Фрогмор (это был он) света невзвидел от боли и унижения. Только что он вынужден был, храня достоинство белой расы, покинуть очередь, и вот сейчас вторично за этот злосчастный вечер его повергал в прах человек низшей расы!

– Полиция! – вскричал он с тоской и возмущением. – Есть ли в этом городе полиция или я где-нибудь в Африке?..

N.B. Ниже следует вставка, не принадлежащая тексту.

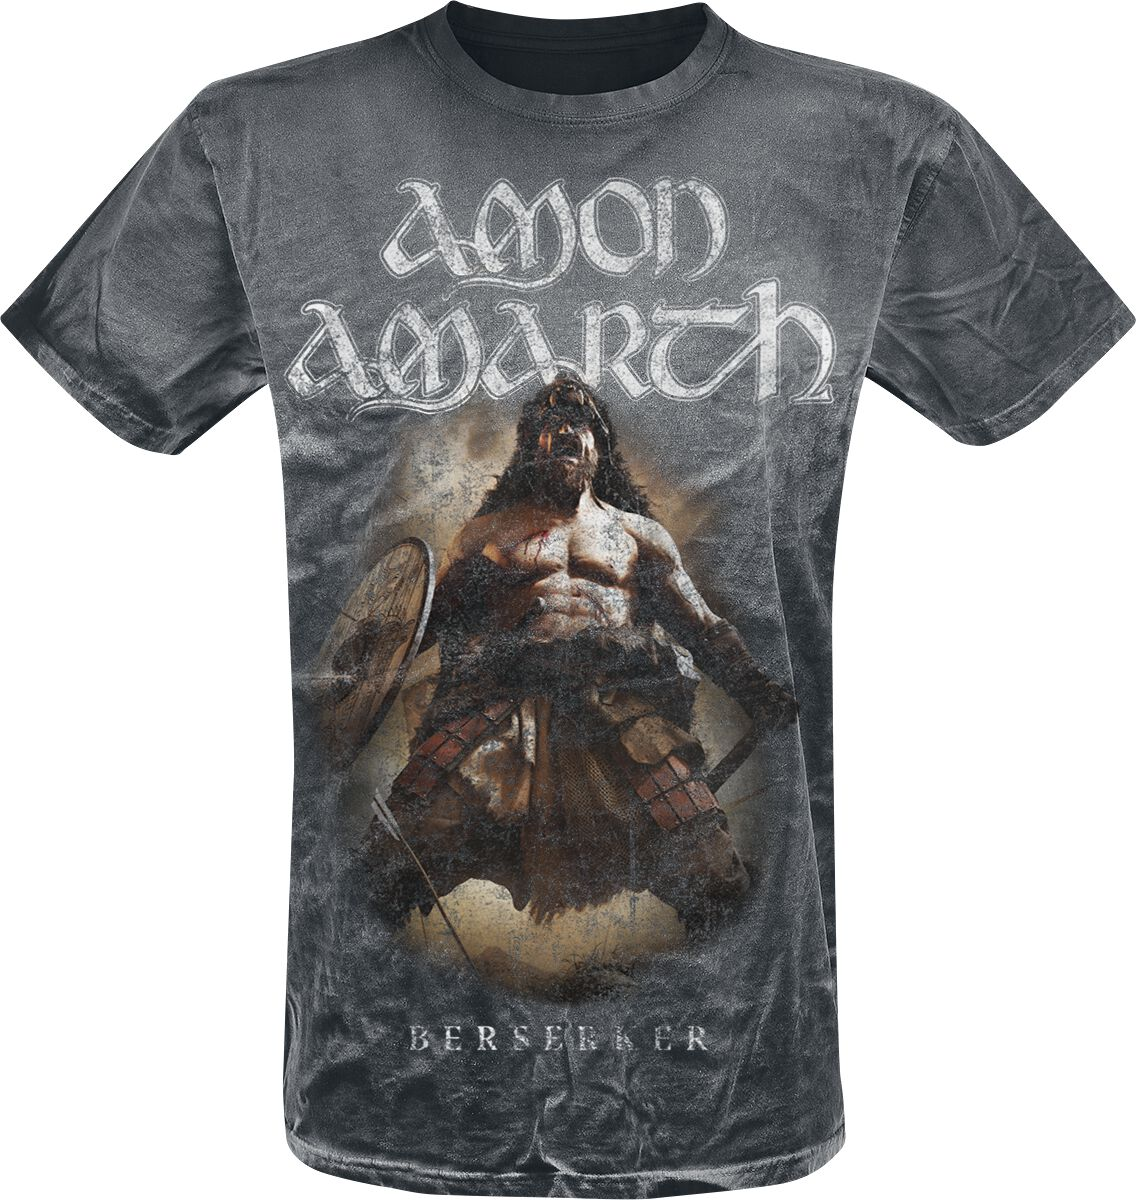 Image of Amon Amarth Berserker T-Shirt dunkelgrau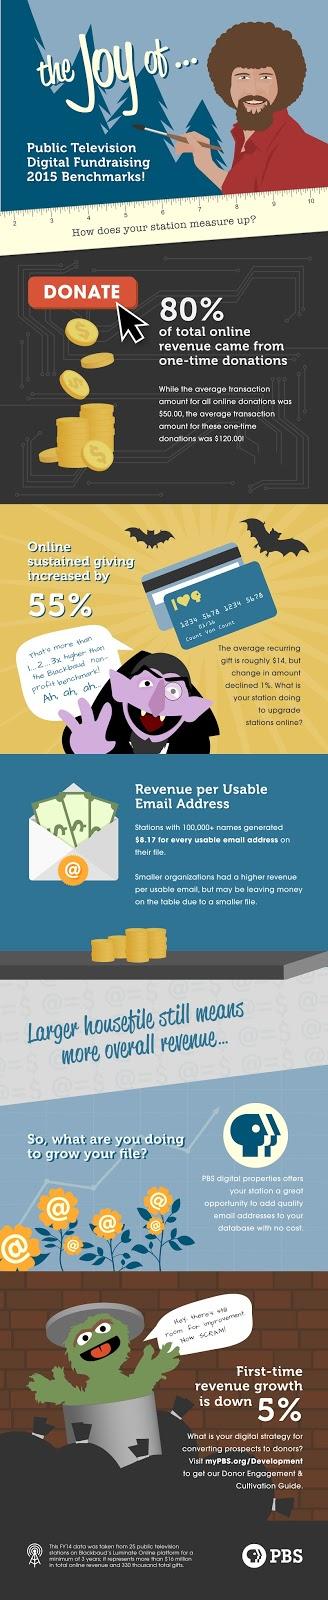 PBS Benchmark Infographic (300ppi).jpg

Уже бежали к месту происшествия зеваки, уже приближался постовой полицейский, подтверждая своим появлением и суровым взглядом, что господин Фрогмор находится не где-нибудь в Африке, а, слава богу, в Атавии, когда между приводившим свою одежду в порядок бакалейщиком и окончательно растерявшимся Купером возник человек в пальтишке, из-под которого виднелся ворот темно-синего свитера.

– Что тут случилось, господин Фрогмор? – спросил он, незаметно оттолкнув Билла от тротуара к развалинам сгоревшего дома. – На вас напали?

– Этот негр… Этот трижды проклятый черномазый! – Фрогмор задыхался от священного негодования.

– Какой негр, господин Фрогмор? – участливо переспросил человек в темно-синем свитере. – Этот самый, который стоит здесь, разинув рот, как идиот?.. И что он вам посмел сделать?

Он легонько стукнул Билла по затылку, придав ему таким образом движение в сторону пожарища. Билл, наконец, догадался, к чему клонит этот человек, и метнулся в развалины.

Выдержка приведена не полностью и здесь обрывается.